Pot Size: $75,000 USDC

Total HM: 21

Participants: 28

Period: 7 days

Judge: alcueca

Total Solo HM: 15

Id: 94

League: ETH

Foundation

Findings Distribution

Researcher Performance

Rank: 13/28

Findings: 2

Award: $949.97

🌟 Selected for report: 1

🚀 Solo Findings: 0

External Links

Code4rena Contest PageGithub Contest RepositoryGithub Findings RepositoryFoundation

Findings Information

🌟 Selected for report: thankthedark

Also found by: Afanasyevich, cmichel

Labels

bug
2 (Med Risk)
sponsor confirmed

Awards

657.3838 USDC - $657.38

External Links

Link to GitHub issue

Lines of code

https://github.com/code-423n4/2022-02-foundation/blob/main/contracts/mixins/NFTMarketPrivateSale.sol#L123-L174

Vulnerability details

Impact

Within a NFTMarketPrivateSale contract, buyers are allowed to purchase a seller's NFT. This is done through a seller providing a buyer a EIP-712 signature.

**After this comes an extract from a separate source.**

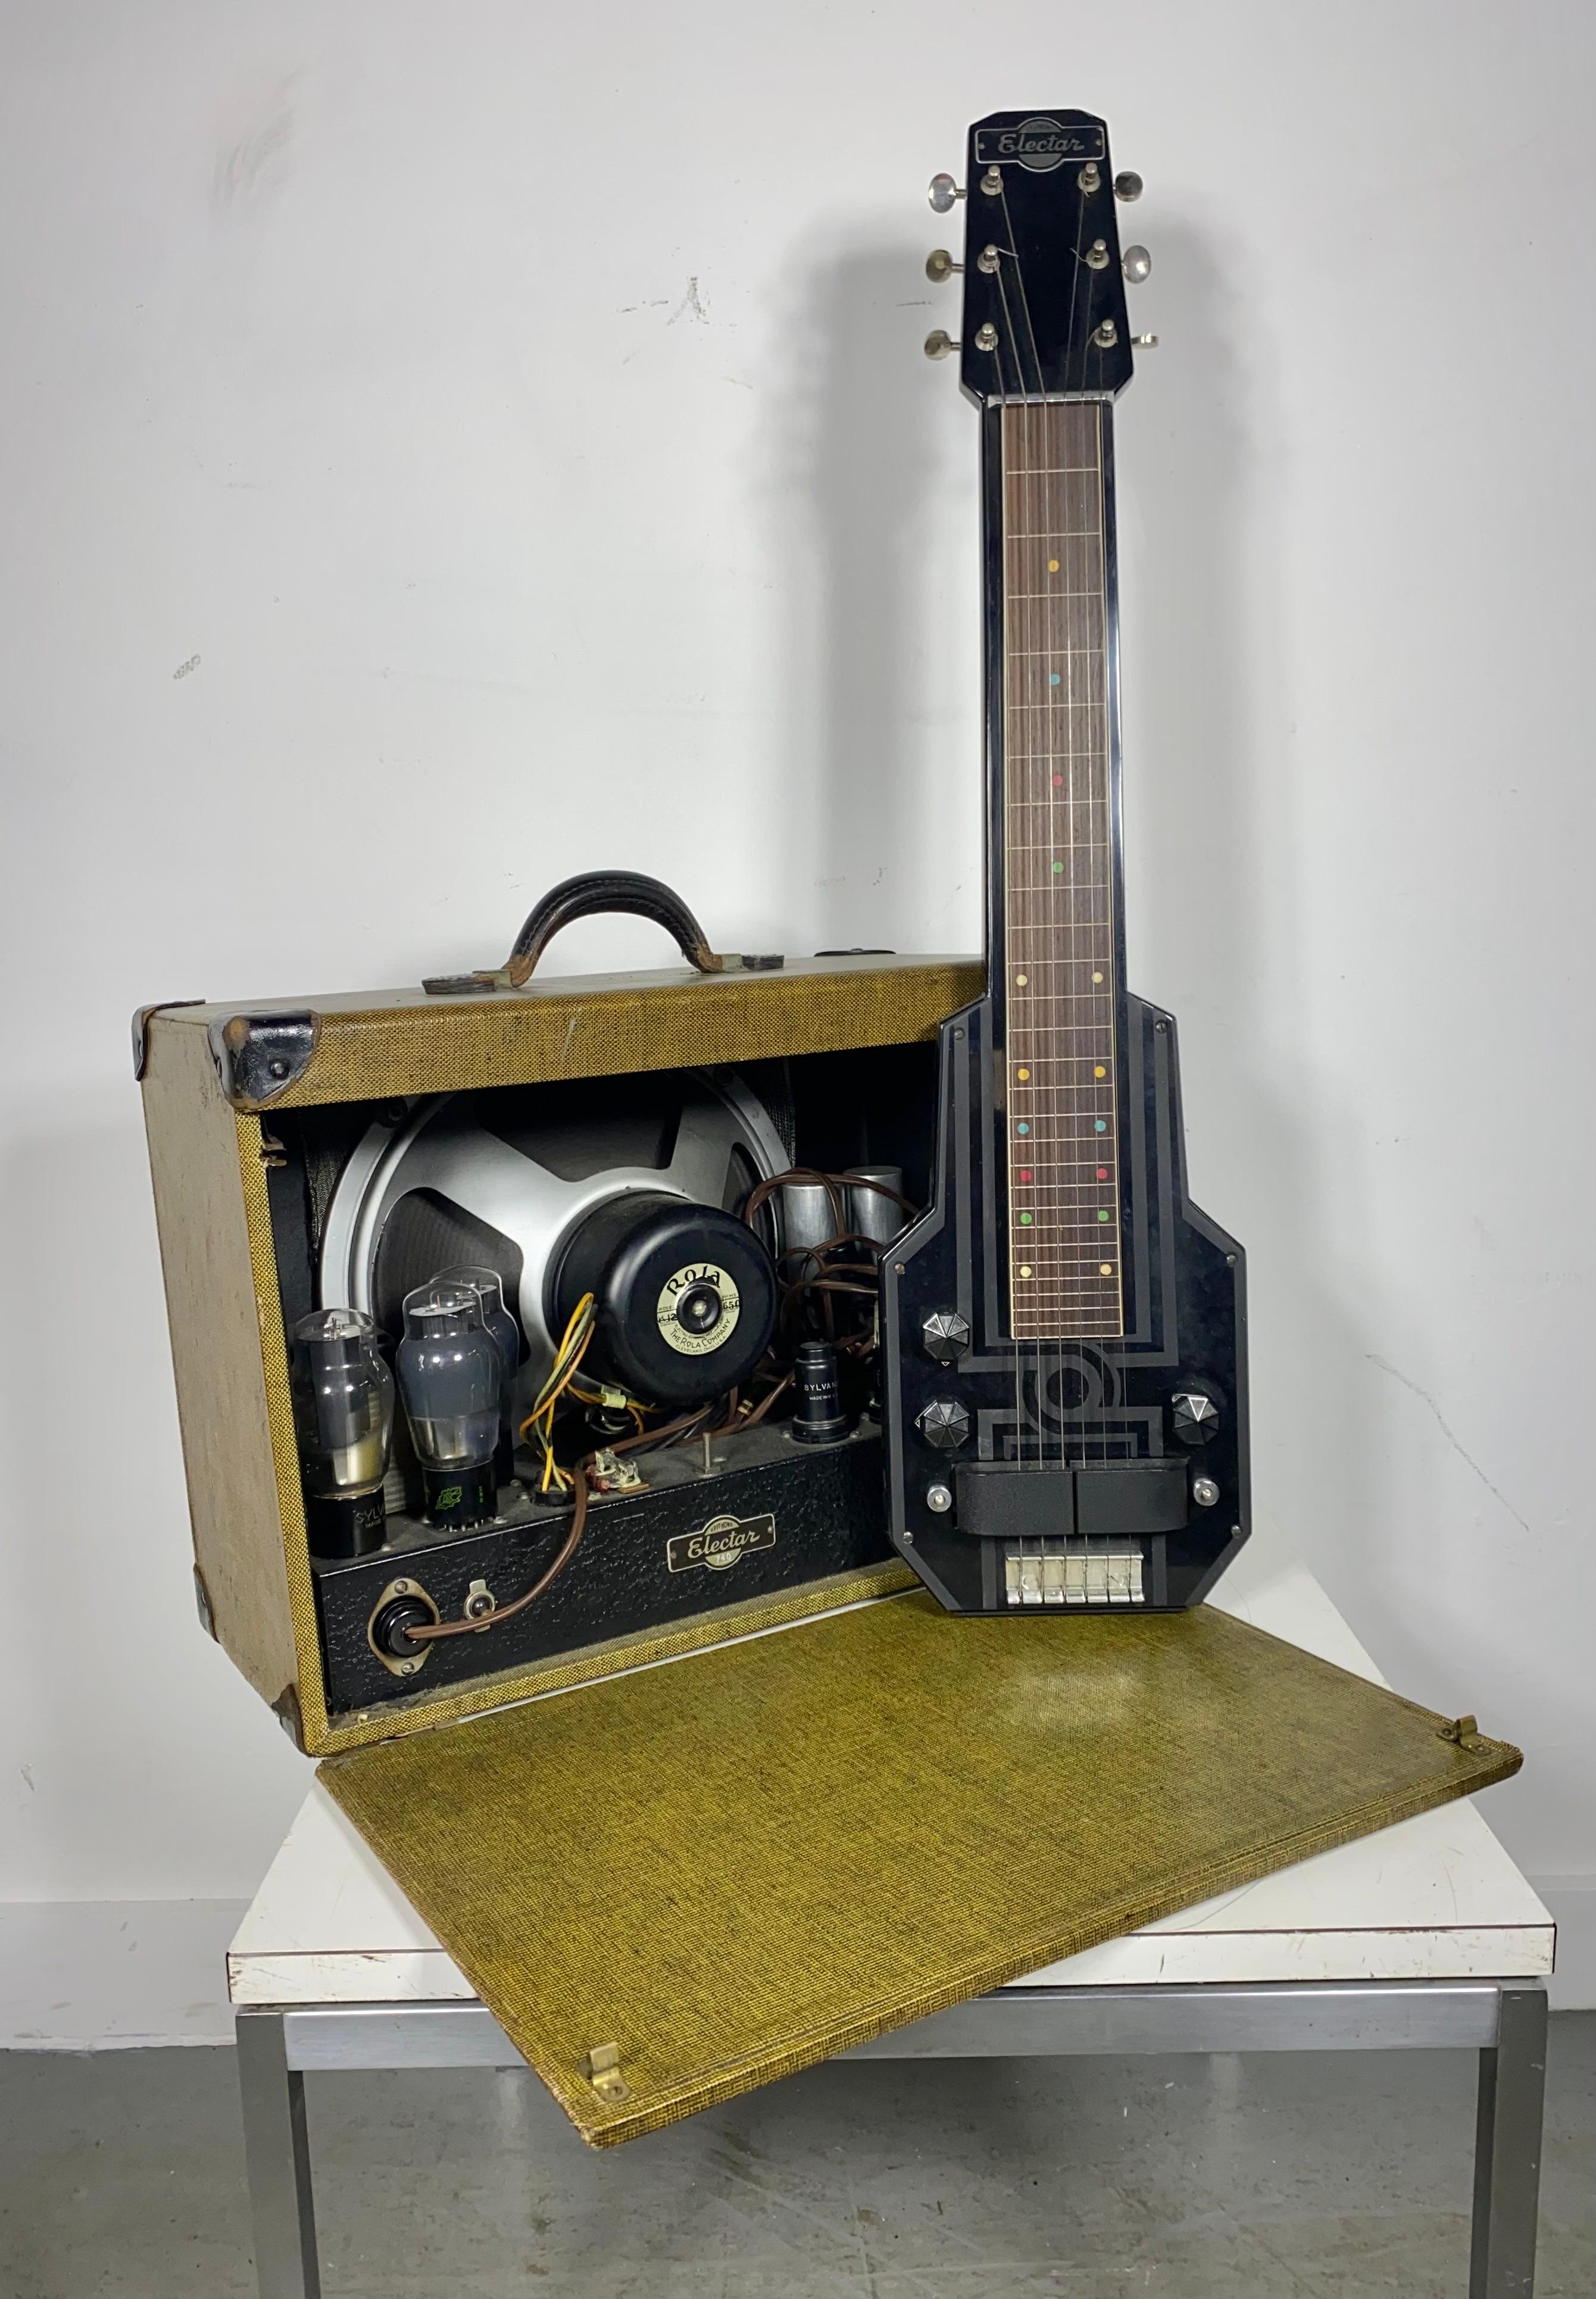 Epiphone Electar Model M Lap Steel Electric Guitar, avec amplificateur d'origine assorti...finition laquée noire, corps en érable et table en aluminium gravé. Une des premières lap steel guitar produites par Epiphone, supposée avoir été conçue par

The buyer can then call #buyFromPrivateSaleFor providing the v, r, and s values of the signature as well as any additional details to generate the message hash. If the signature is valid, then the NFT is transferred to the buyer.

The problem with the code is that EIP-712 signatures can be re-used within a small range of time assuming that the original seller takes back ownership of the NFT. This is because the NFTMarketPrivateSale#buyFromPrivateSaleFor method has no checks to determine if the EIP-712 signature has been used before.

Proof of Concept

Consider the following example:

  1. Joe the NFT owner sells a NFT to the malicious buyer Rachel via a private sale.
  2. Rachel through this private sale obtains the EIP-712 signature and uses it to purchase a NFT.
  3. Joe the NFT owner purchases back the NFT within two days of the original sale to Rachel.
  4. Joe the NFT owner puts the NFT back on sale.
  5. Rachel, who has the original EIP-712 signature, can re-purchase the NFT by calling #buyFromPrivateSaleFor again with the same parameters they provided in the original private sale purchase in step 1.

The #buyFromPrivateSaleFor function runs several validation checks before transferring the NFT over to the buyer. The validations are as follows:

  1. L#132 - The signature has expired.
  2. L#135 - The deadline is beyond 48 hours from now.
  3. L#143 - The amount argument is greater than msg.value.
  4. L#149 - The msg.value is greater than the amount set.
  5. L#171 - This checks that the EIP-712 signature comes from the NFT seller.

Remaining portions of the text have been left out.